About this task: Using the data beneath this instruction, retype only the lines from the one that contains "Hope, Love, Faith" down to the one that contains "Nike Air Force", both included, exactly as they appear.

Input data:
· · ·

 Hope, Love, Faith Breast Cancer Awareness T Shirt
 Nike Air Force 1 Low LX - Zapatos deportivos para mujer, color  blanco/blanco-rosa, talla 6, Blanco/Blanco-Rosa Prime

· · ·

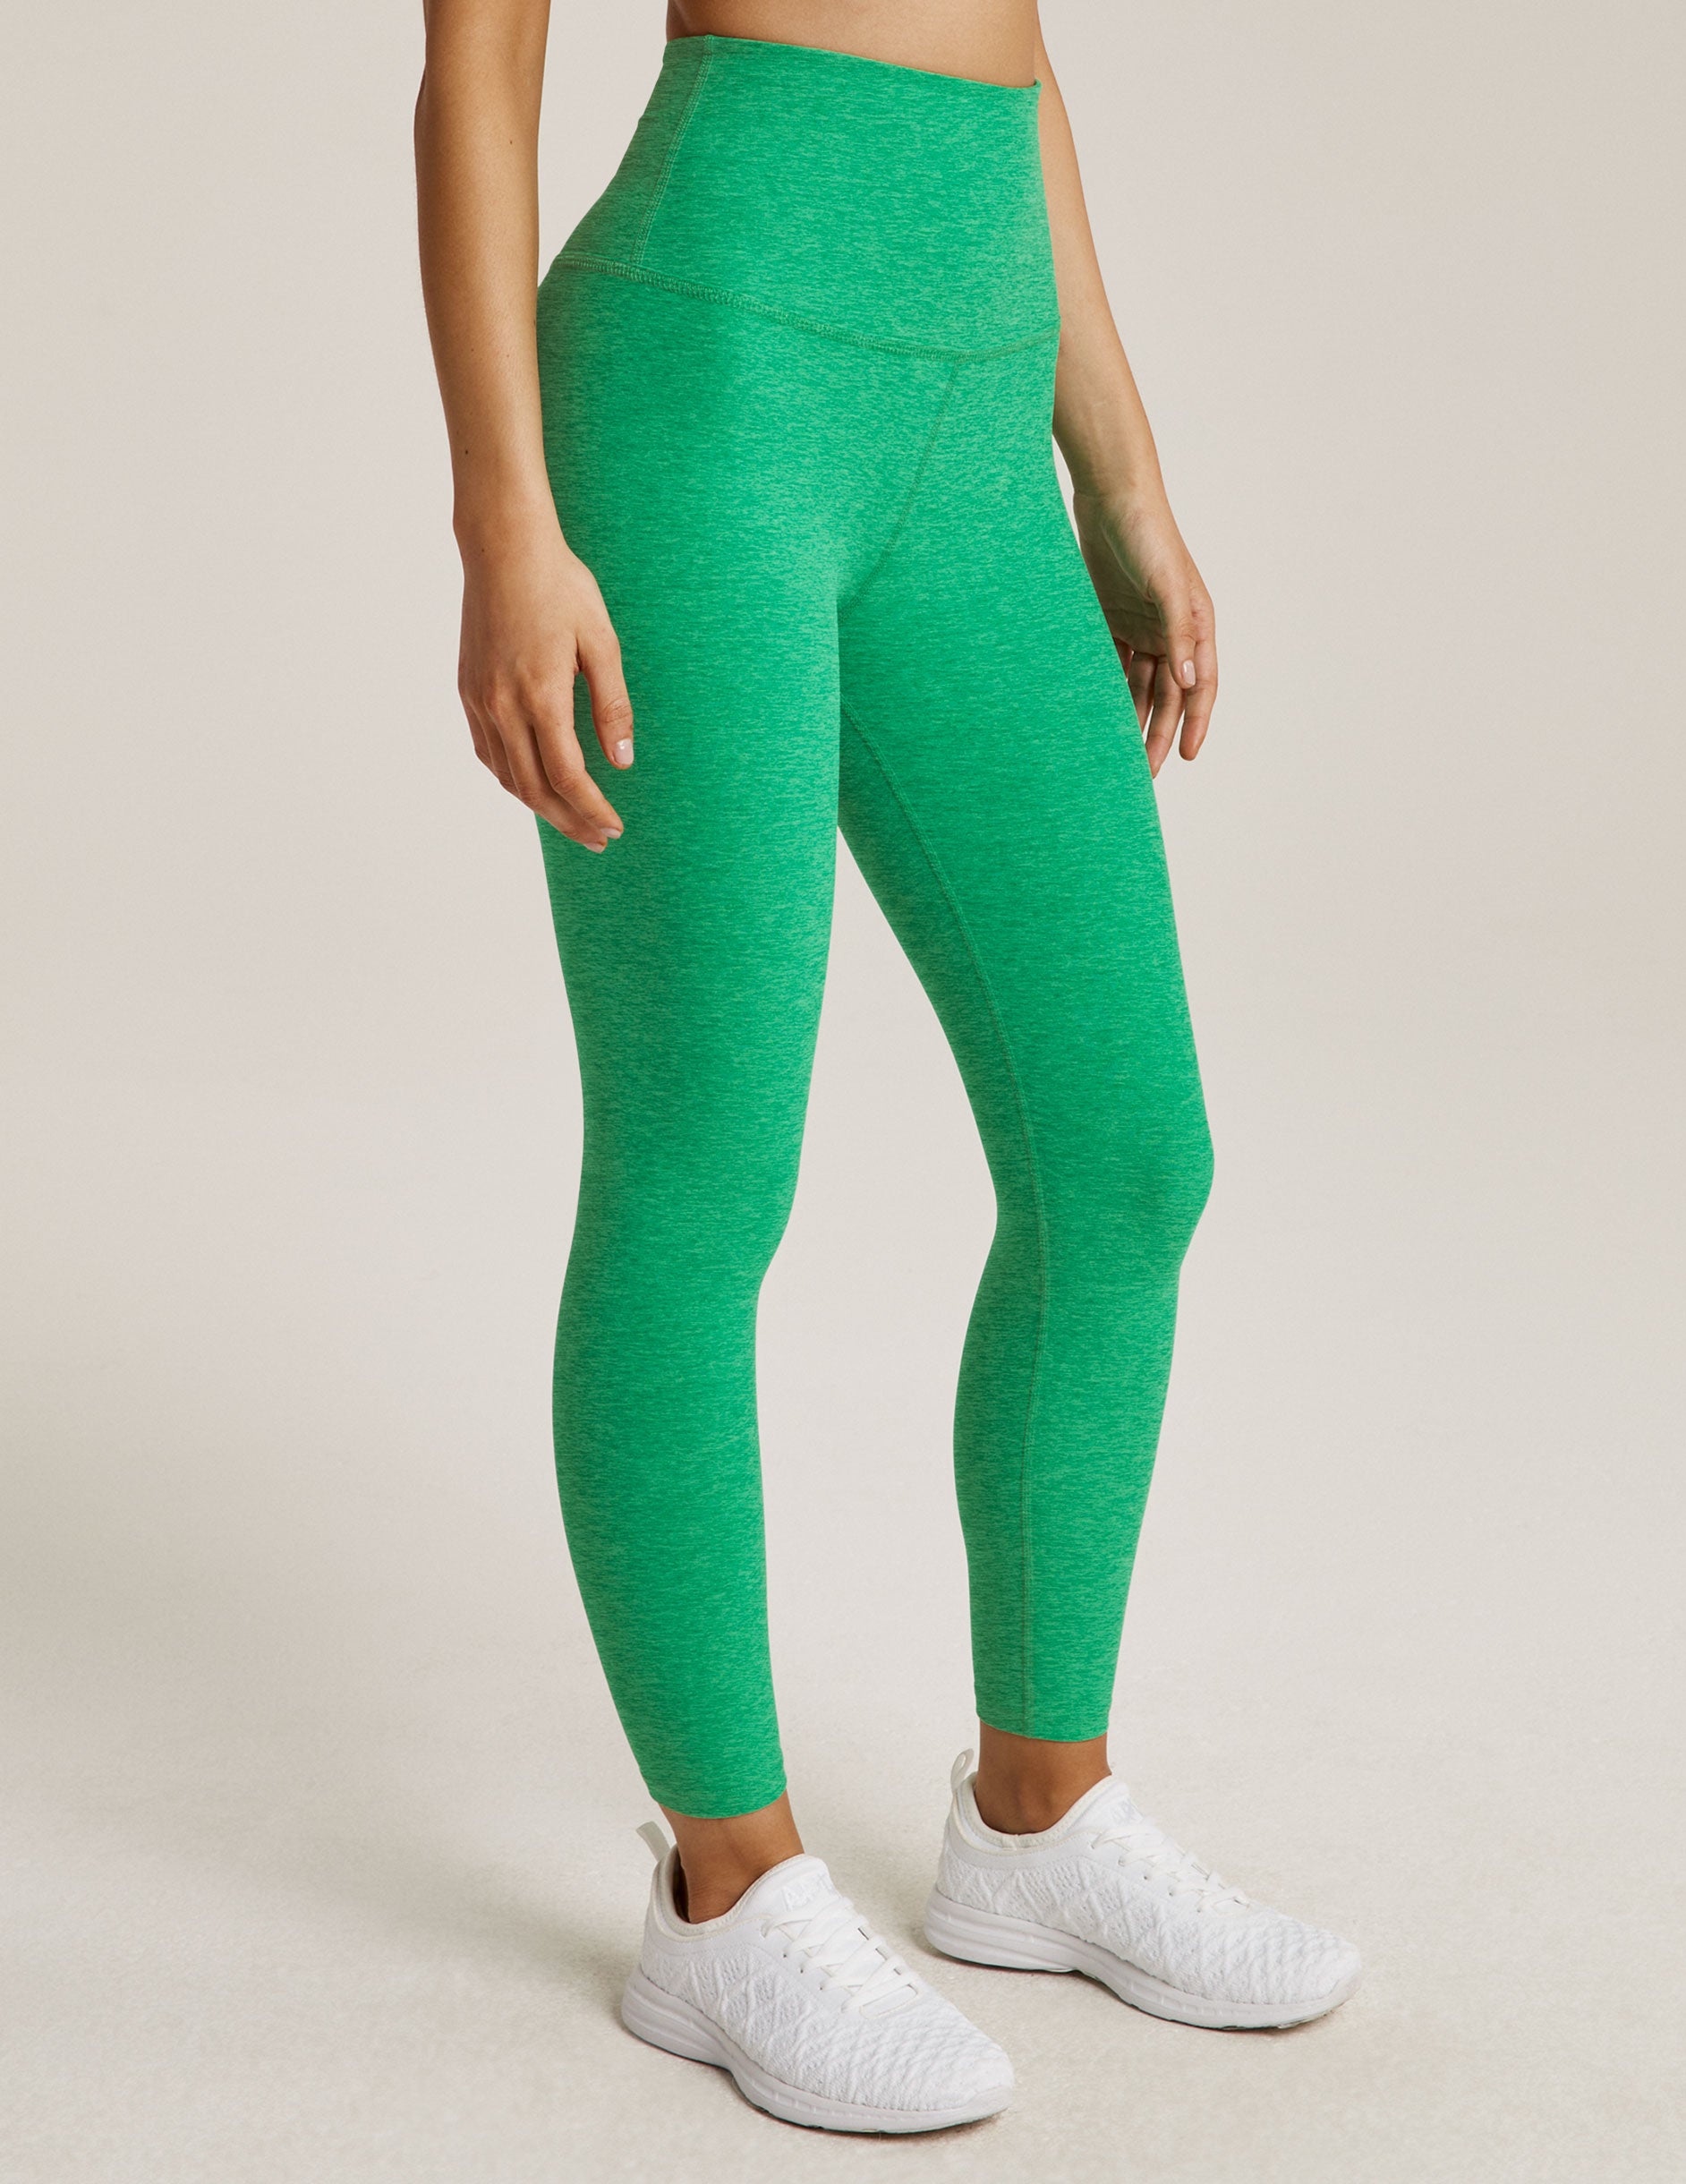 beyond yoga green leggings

· · ·

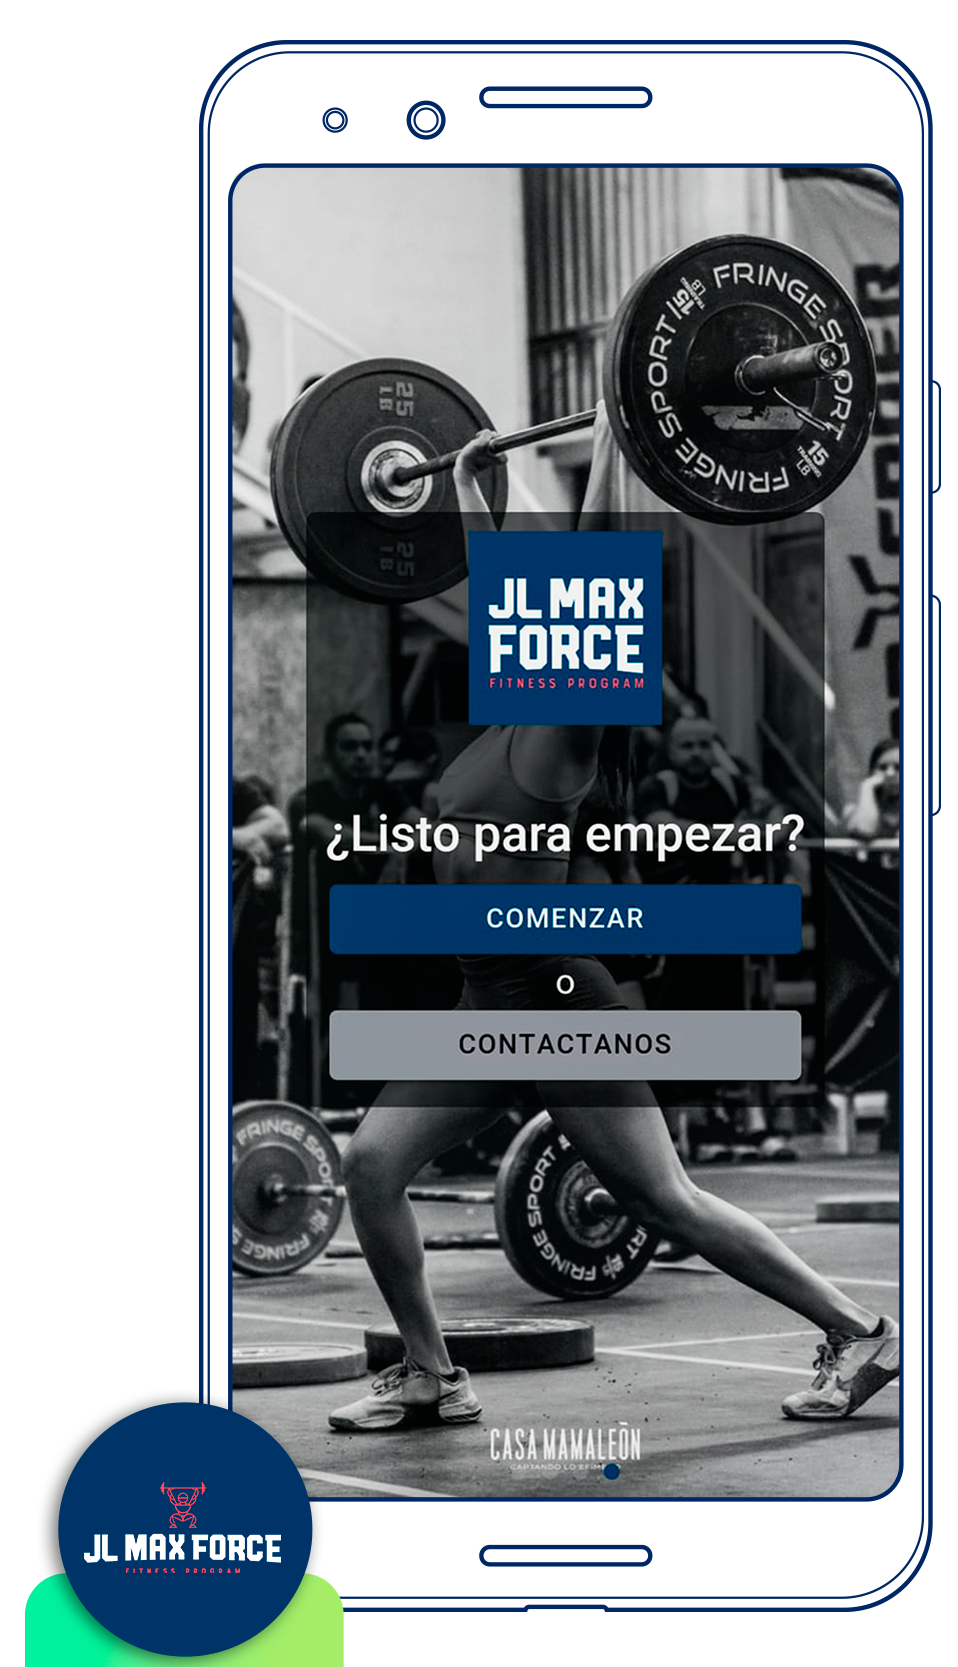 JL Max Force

· · ·

Exercise response:
 Hope, Love, Faith Breast Cancer Awareness T Shirt
 Nike Air Force 1 Low LX - Zapatos deportivos para mujer, color  blanco/blanco-rosa, talla 6, Blanco/Blanco-Rosa Prime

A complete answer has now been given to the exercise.